In fig. 2, 0 '-2' represents the process of entropy increase in the fuel pump for the propellant with mass m, and for the liquid fuel, the compression to the high pressure state is easier and the temperature rise in the whole process is smaller, so the vertical straight line represents the figure; 2' -4 is the isobaric combustion process of fuel propellant in the fuel gas generator; 4-5 is an isentropic expansion process of the rich-combustion gas after primary combustion in the turbine, and the rich-combustion gas drives the turbine to do work; 5-6 is an isobaric heat release process of fuel gas with mass m in a mixing chamber and incoming air in a mixing process; 0-2 is the isentropic compression process of the incoming flow air in the air inlet channel with unit mass; 2-3 is an isentropic compression process of the air with unit mass in the air compressor after passing through the air inlet channel; 3-6 is an isobaric endothermic process of the air with unit mass in the mixing chamber and the rich fuel gas after primary combustion in the mixing process; 6-7 is an isobaric combustion process of the fuel gas (1+ m) fully mixed in the mixing chamber in the combustion chamber; 7-9 is an isentropic expansion process of the mixed gas (1+ m) after secondary combustion in the tail nozzle; 9-0 is the isobaric heat release process of the mixed gas (1+ m) in the atmosphere, and finally the mixed gas is in a normal temperature and normal pressure state.

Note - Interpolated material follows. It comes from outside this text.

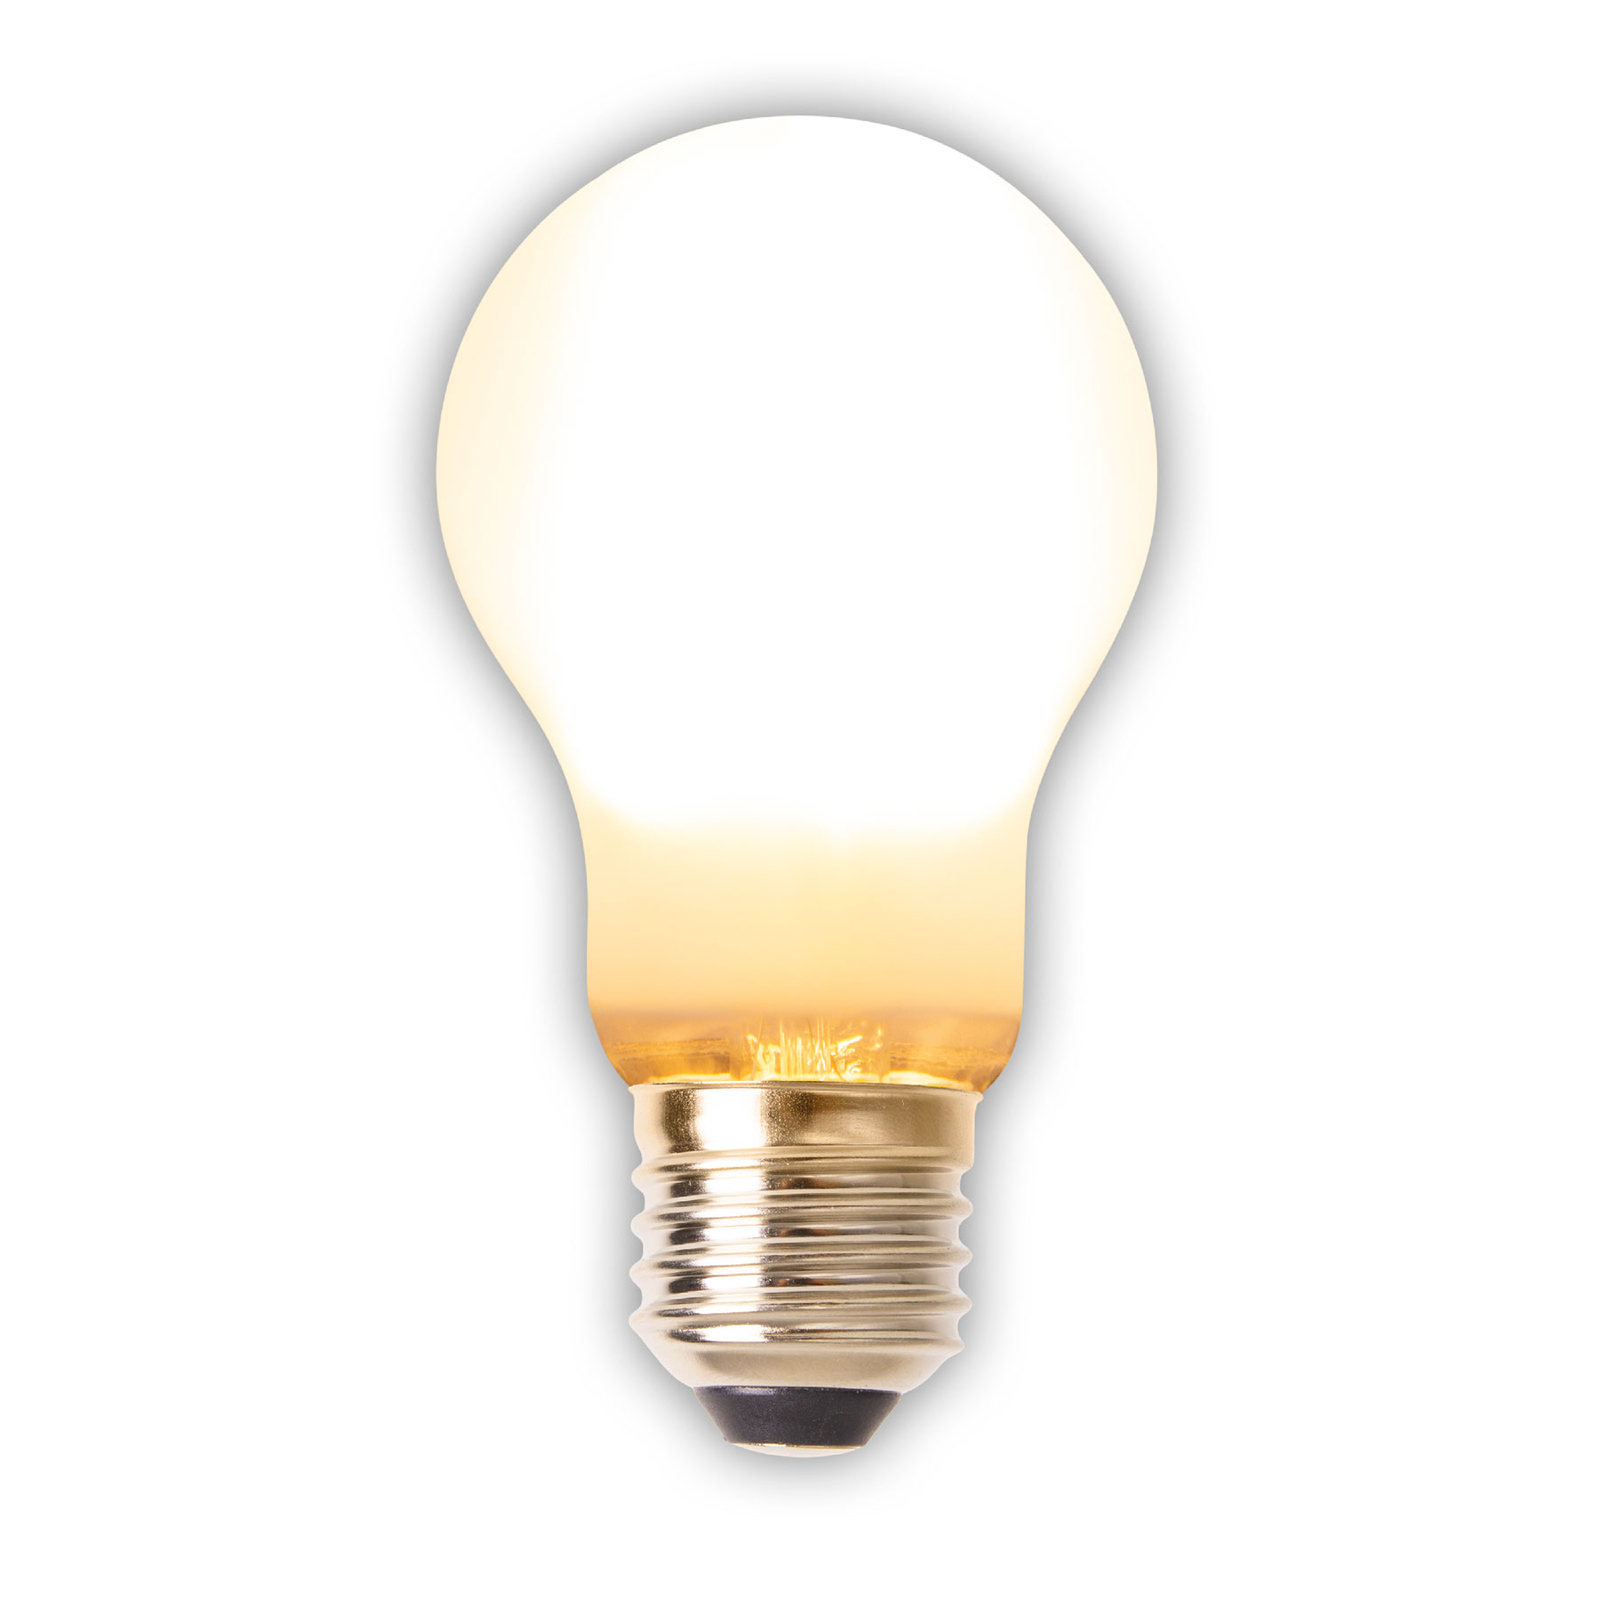 Ampoule LED E27 8,3W 750lm blanc chaud, pack 6

In summary, the conventional ATR engine thermodynamic cycle corresponds to the brayton cycle, with the incoming air as the unit of study. The ideal thermodynamic cycle P-V diagram and the T-S diagram of the PD-ATR engine are shown in FIG. 3, compared with the ideal isobaric cycle (FIG. 2) of the traditional ATR engine, the heating process of the ideal detonation cycle of the PD-ATR engine is a detonation heating process, and due to the self-pressurization characteristic of the PDC, the PD-ATR engine can be pressurized again after bypass air and bypass rich-fuel gas are uniformly mixed in the pulse detonation combustor, the temperature and the pressure of the outlet of the pulse detonation combustor can be increased, namely 7 points can be moved upwards, and the temperature ratio and the pressure ratio of the whole engine can be increased.

Although embodiments of the present invention have been shown and described above, it is understood that the above embodiments are exemplary and should not be construed as limiting the present invention, and that variations, modifications, substitutions and alterations can be made in the above embodiments by those of ordinary skill in the art without departing from the principle and spirit of the present invention.

Claims

1. An air turbine rocket engine based on pulse detonation comprises an air inlet channel, a gas compressor, a gas generator, a turbine and a spray pipe, and is characterized in that: the device also comprises a mixed flow and reverse transmission prevention structure and a pulse detonation combustion chamber;

2. A pulse detonation based air turbine rocket engine in accordance with claim 1 wherein: the pulse detonation combustor adopts an annular combustor structure or a multi-pipe fan-shaped structure.

3. A pulse detonation based air turbine rocket engine in accordance with claim 1 wherein: the rich combustion gas discharged from the turbine is a mixed gas discharged from the turbine with combustion products and a part of unburned fuel, and having a certain pressure and temperature.

4. A pulse detonation based air turbine rocket engine in accordance with claim 3 wherein: the mixed flow and reverse transmission prevention structure is used for intensively mixing the rich fuel gas discharged from the turbine and the compressed air obtained by the air compressor, and can inhibit and isolate high-pressure pulsation in the pulse detonation combustion chamber, so that pressure disturbance and fuel gas are not reversely transmitted into the turbine and the air compressor.